Both MAG and Bad Bunny were partially inspired by Buscabulla’s lush synth pop, and Bad Bunny said he listened to the duo’s 2020 album, “Regresa,” on repeat during quarantine.

“It was Easter Sunday and we got a call from a bunny,” the duo’s multi-instrumentalist, Luis Alfredo Del Valle, joked in a phone interview. On “Andrea,” Bad Bunny renders a portrait of a Puerto Rican woman hoping to live life on her own terms, and Buscabulla’s vocalist, Raquel Berríos, assumes the character’s voice. “I felt that the chorus had to carry a lot of weight about what it means to be a woman from the Caribbean,” Berríos said. “I had never worked this hard for a song.”

Del Valle remarked on Bad Bunny’s “indie bend”: “It’s pretty noble that he has that platform and he’s down to bring in people who are usually not in that realm,” he said. Berríos agreed: “Music should just be like that,” she said. “It should be free.”

Bad Bunny has a musical sensibility that exemplifies how the mainstream relies on cues from the underground and it’s one way he likes to make grand industry statements. On other tracks, he engages in more overt social commentary.

Much like “Estamos Bien” before it, “El Apagón” is a torch song that captures both the beauty and tragedy of Puerto Rican life. The track references the blackouts that persisted after a private consortium took over the island’s energy distribution last year. But it also incorporates laugh-out-loud citations of old school reggaeton, including a salacious lyric from DJ Joe’s “Fatal Fantassy” mixtape. It even ends with a send-off for the mainland investors who have descended on the island in search of tax breaks, driving up home prices and displacing locals. “Que se vayan ellos,” sings Gabriela Berlingeri, Bad Bunny’s girlfriend. “Esta es mi playa/esta es mi tierra” (“Let them leave. This is my beach/this is my land”).
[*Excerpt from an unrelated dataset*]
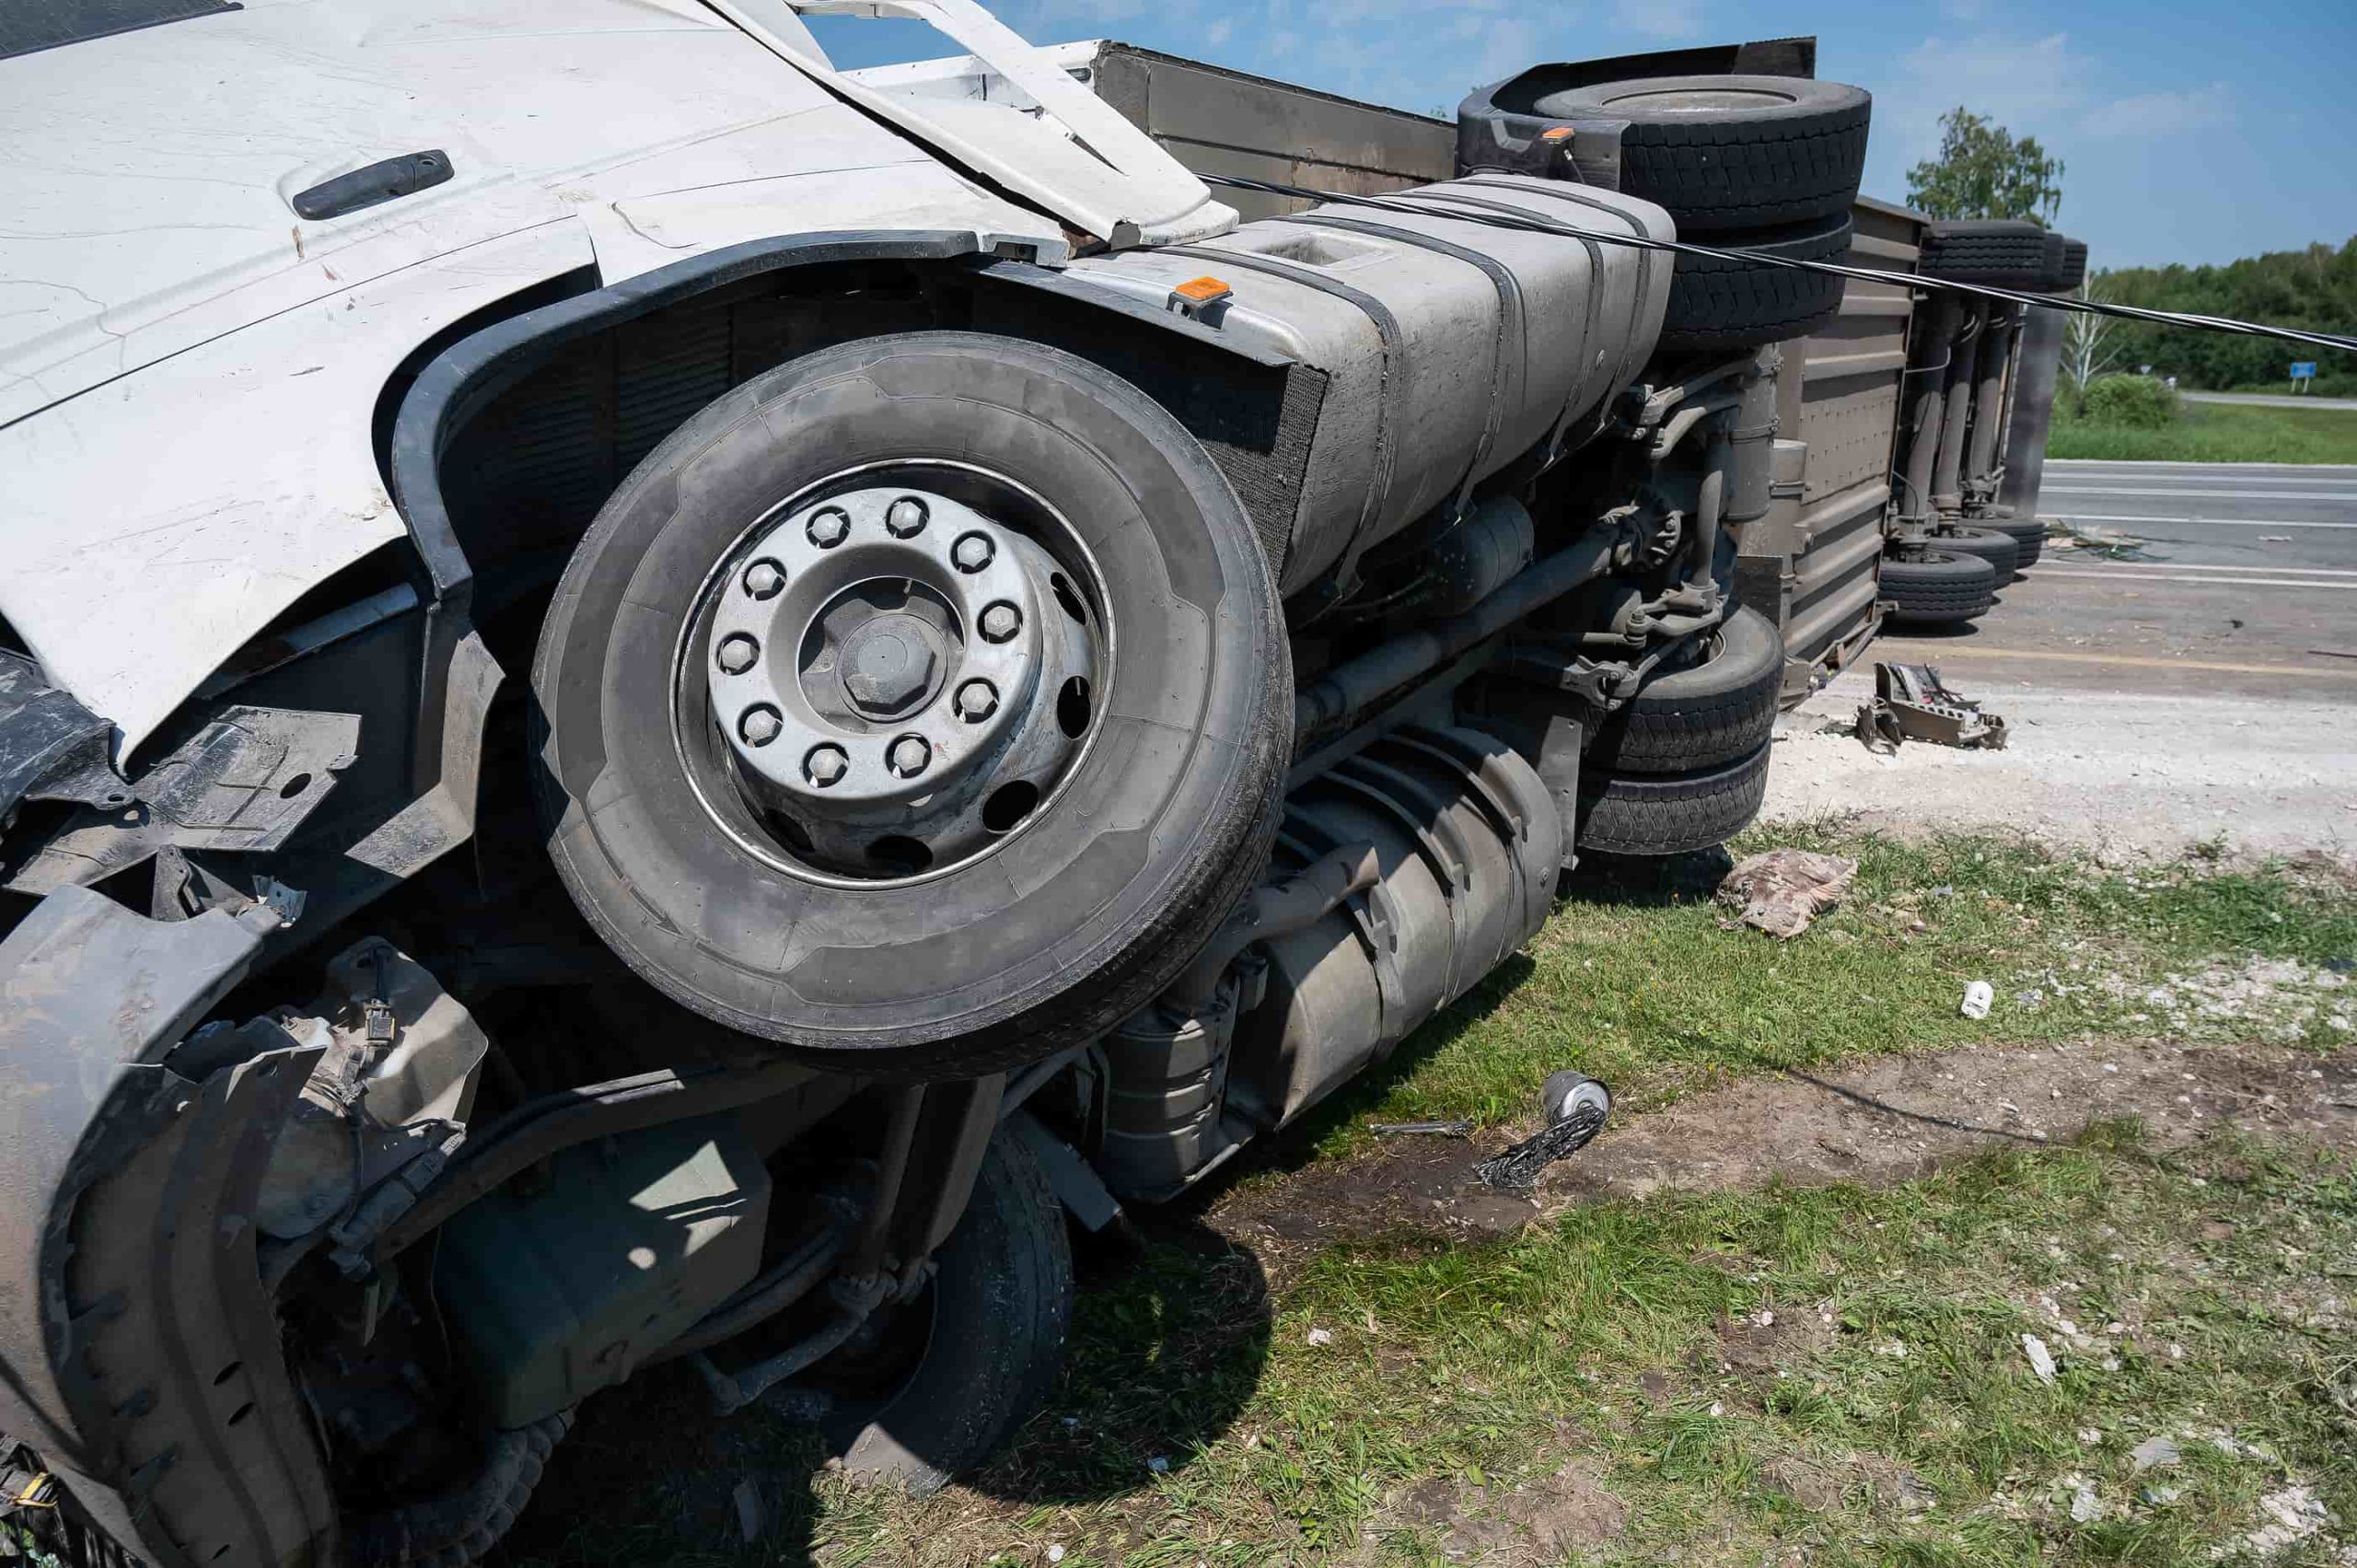 Serious Accidents Caused by Overloaded Trucks

“This is a song from the heart,” Bad Bunny said, explaining that he wrote the lyrics for Berlingeri to sing. “I didn’t want to get a famous artist,” he added. “I wanted someone to sing it out of love, because it’s a sincere message.”
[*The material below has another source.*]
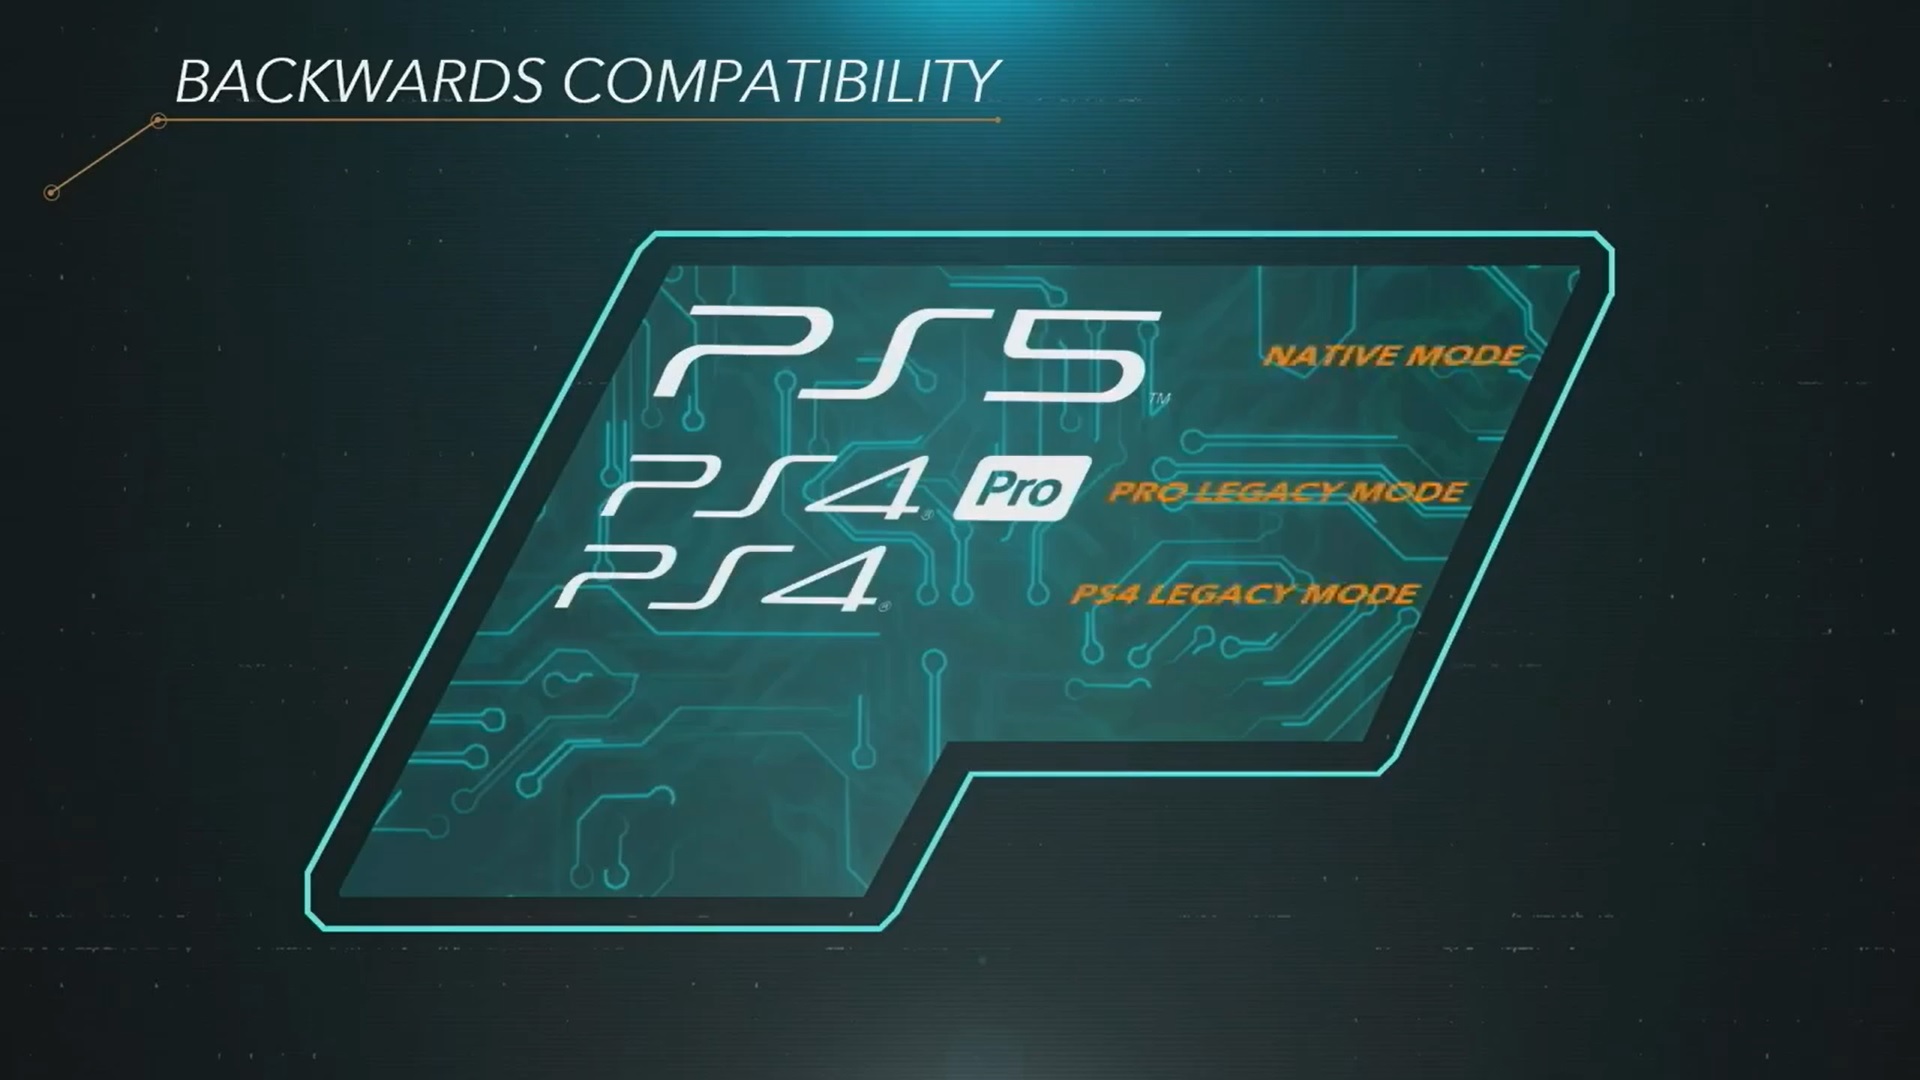 what is the release date of the ps5

At one point on “El Apagón,” Bad Bunny declares in Spanish, “Now everyone wants to be Latino,” a reference to a sudden spate of musicians who “don’t have a thing to do with Latino culture” singing in Spanish or playing with reggaeton. “Even though you can feel proud and happy about that, deep down, you’re like,” he paused. “‘Now, cabrones? Why not before?’” For so long, the music industry scorned Latino artists, segregating them into confining sounds and aesthetics, he said. “It was like a huge line, a wall — us over here, and you over there.”

“It’s not a critique, like, ‘Don’t do it!’” he added. “But remember that it’s from here, and that we know how to do it like it’s supposed to be done.”

Bad Bunny knows he is constantly evolving. Much like the musical luminaries whose LPs line the forest-green hallways of Electric Lady, he understands that his career is defined by authentic reinvention. “I don’t think I’m going to be making reggaeton at 40,” he said. “That I’m sure of.”

He’s not certain what awaits him in the next 10 years — maybe a few more albums or more prominent Hollywood roles. He swiveled around in his tall chair, a small grin crawling across his face. Of course a man this busy is plotting his eventual exit from the limelight. “I hope to be chilling, in a house with a farm and a horse — two horses,” he said of his future. “Tranquilito, tranquilito, tranquilito.” At peace.